Изморозь с пальцев была резка, будто вспышка. Это всё и определило.
Она помнит себя девочкой — тогда; воспринявшую разлуку с семьей и отъезд в Миок лишь как резкую смену декораций, болезненно, но. Дом остался с ней как память, а Созерцатели, пришедшие за ней, были на удивление ласковы. Первое, по чему она перестала скучать в Лунном Круге — мать, молчаливая и печальная, в детском рассудке абсолютно абстрактная; и только потом тоска пришла по запаху соли и крику чаек. Морканта — взрослая, годы спустя — задаёт себе один и тот же вопрос: был ли отец рад, рад тогда и по-настоящему, ведь младшие дети — особенно девочки — красивые вещи, и чуть больше любви всегда достаётся старшим; только вещи, красивые, всё равно жалко. Она забыла, видела ли в его взгляде радость... гордость?.
Наверное, нет.
Но ей восемь, она в Лунном Круге, ничего не знает ни о разочаровании, ни о военных эскадрах, ни о схожих с селекцией браках между Домами, ни об эмансипации — ей полагается знать основы магии, искру и саму себя. И девочка неплохо с этим справляется. Она не поглощает полученные знания, голодно и жадно, — она пытается понять, это оборачивается бессонными ночами, кто-то хвалит девочку за знание теории и постоянную практику — она гордо вскидывает голову и молчит, как страшно и холодно болят побелевшие пальцы; спустя годы жесты-плетения отточены до механизма, правильно, безошибочно и ей больше нравится слово идеально.
Первый ясный ей принцип — принцип обмена. У всего оказалась своя цена.
Когда Морканте четырнадцать и годами позже, она не просто «дочь своего отца» и ворох ходящих по комнате сплетен — пусть и говорят за спиной, как легко стихийному магу воды с её родословной получить видное место во флоте, даже женщине — её называют способной, чуть чаще — старательной и упорной, руки слишком часто немеют, она готова не чувствовать холод, остающийся фантомом после сплетений, — и оставаться очень собой гордой.
Голоса за спиной совсем умолкают, когда ей исполняется восемнадцать, «блестяще» — вот что говорят наставники, Созерцатели остаются ласковы, и блестит тонкое кружево инея, покорно сползающее к нога; хочется признания — а она получает возможность быть тем, кем является, покорно и безвозвратно, сапфировый отблеск на указательном — обжигающе холодный и зачаровывающий, будто волна. Ей нравится — не в памяти дело. Просто кольцо очень идёт к глазам.

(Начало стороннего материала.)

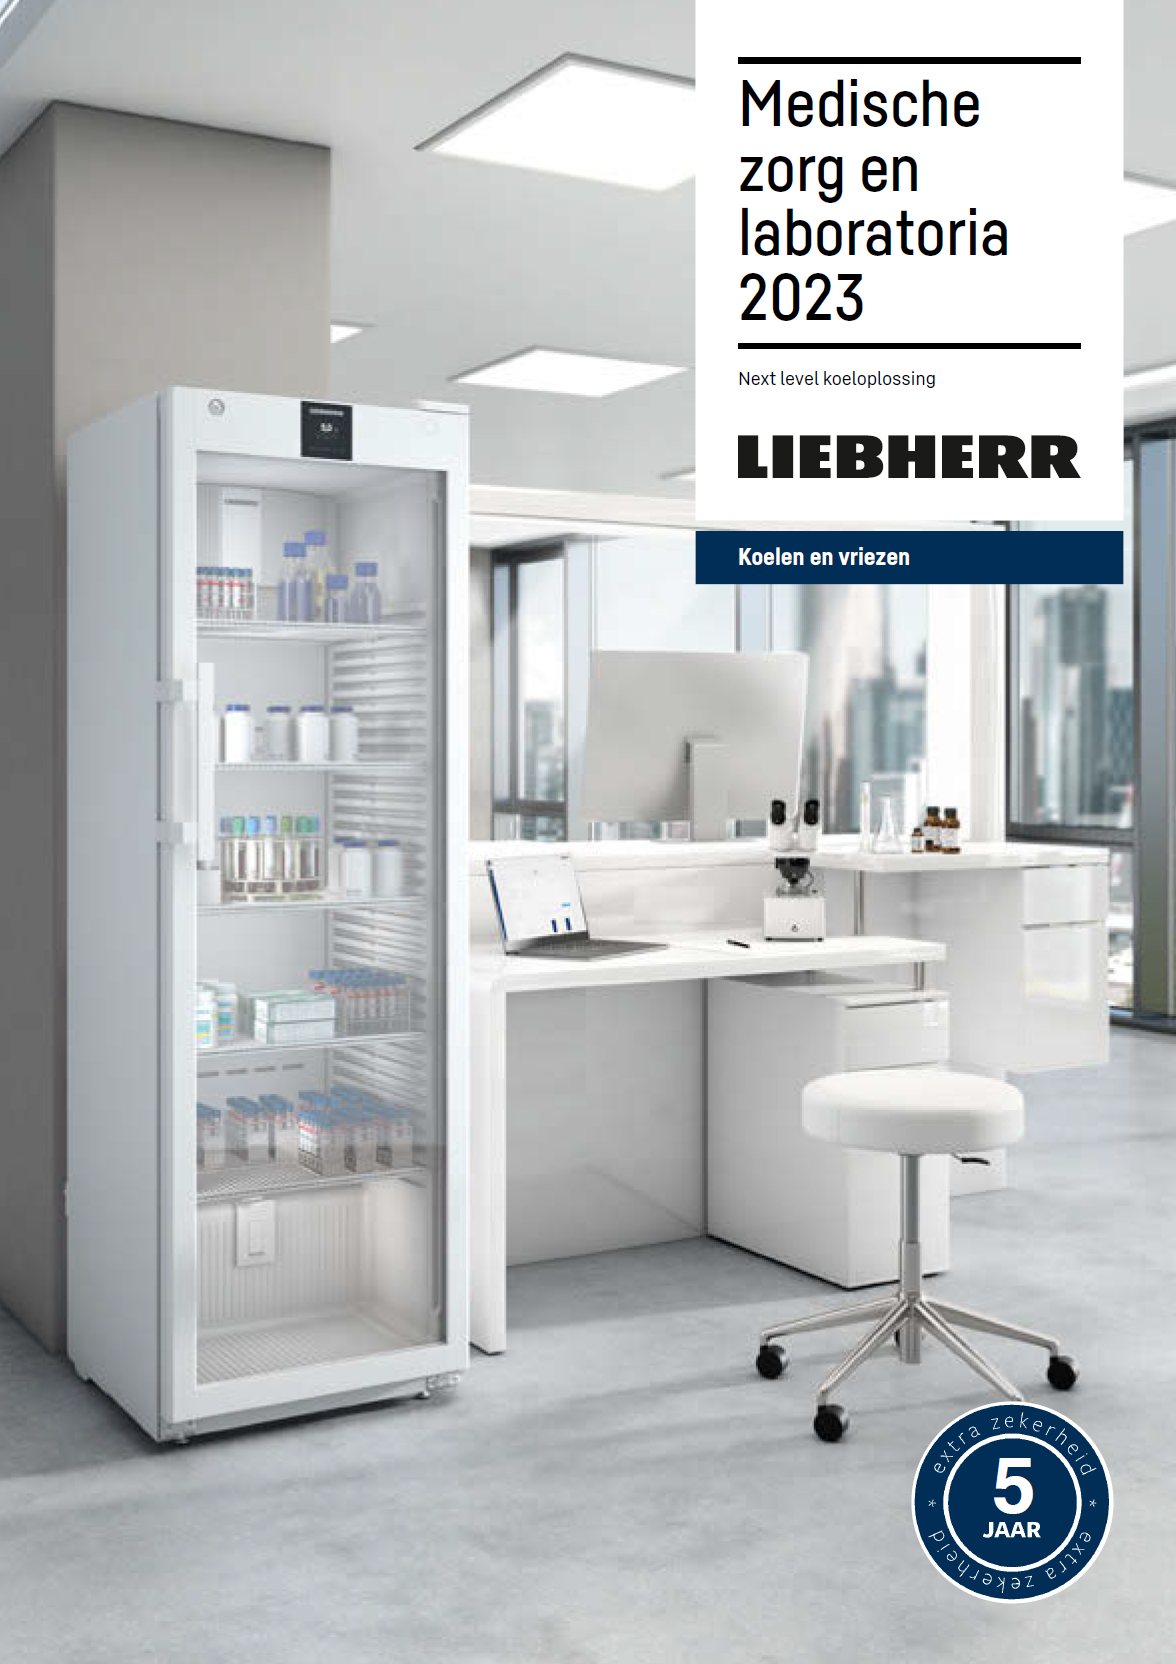 Professionele brochure medische zorg en laboratoria 2023 Liebherr
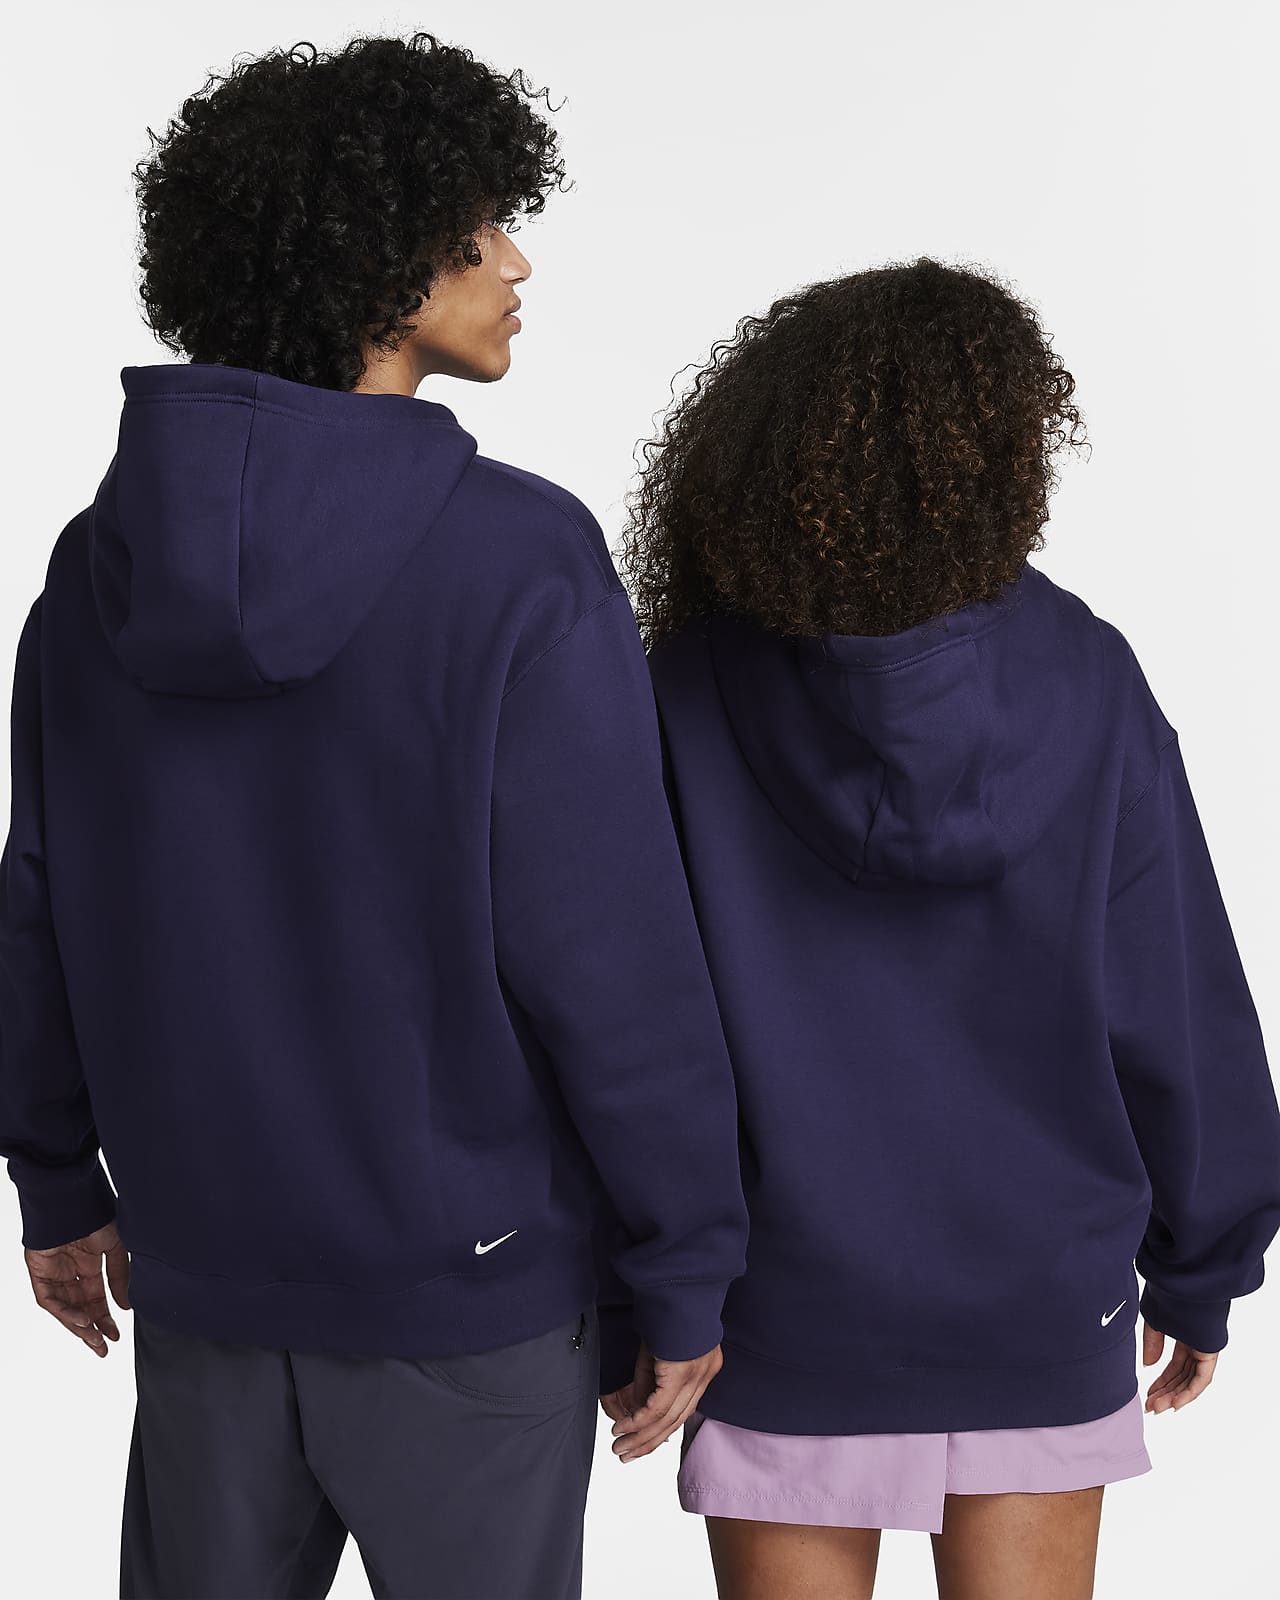 LoGOAT Super Comfy Hoodie Sweatshirt Kids Size!

Мир за пределами оказывается шире круга — бьющийся на мозаику, не вмещающийся в грань, жжёт по началу — но она привыкает, понимает [всегда ведь в первую очередь училась понимать], по возвращению домой её встречают крики чаек и всё так же печально улыбающаяся мать; и так до прибытия отца — она не ждёт от старого адмирала ни почести, ни пригретых мест, только заглядывает в глаза [так пристально, что даже неприлично, рамки этикета разбиваются на микроскопические льдинки] — ищет ту девочку, пытается понять: потерял...? — и натыкается на сталь.
Всё та же.
Колоться о лёд всё равно больней — и слаще.
Дом образцово опустел — двое старших дочерей уже отданы мужьям по хорошей цене, ей остаётся как последней право выбрать [а оно всегда у неё было, в историях про девочек, выданных за стариков, конечно, драматизируют] — не из возможного, но из зол — меньшее. Её троюродный кузен — брак чист, в пределах Дома, стерилен, очищен и выскоблен от страстей. Он понимает её, она — его, они — своё положение и свою перед другими [кто-то ведь всё равно продолжает верить в любовь, бесстыдно, бесслёзно]. При полном отсутствии чувства она считает Гавайна своим идеально нелюбимым мужчиной; ему ближе море — в достаточной степени, чтобы ей самой месяцами оставаться свободной, а с прибоем — становиться холодной ровно так, чтобы не приносить в вынужденный брак больше сложностей, они не друзья даже [что за глупости] — больше партнёры, но Морканта всё равно отзывается о муже с искренней теплотой; он её уважает, она — его; и вслед волнам не будет лить солёные слёзы женщина, способная создавать лёд и.
Жизнь создать так и не получилось, говоря совсем просто — Рейно не дал ни сына, ни дочь.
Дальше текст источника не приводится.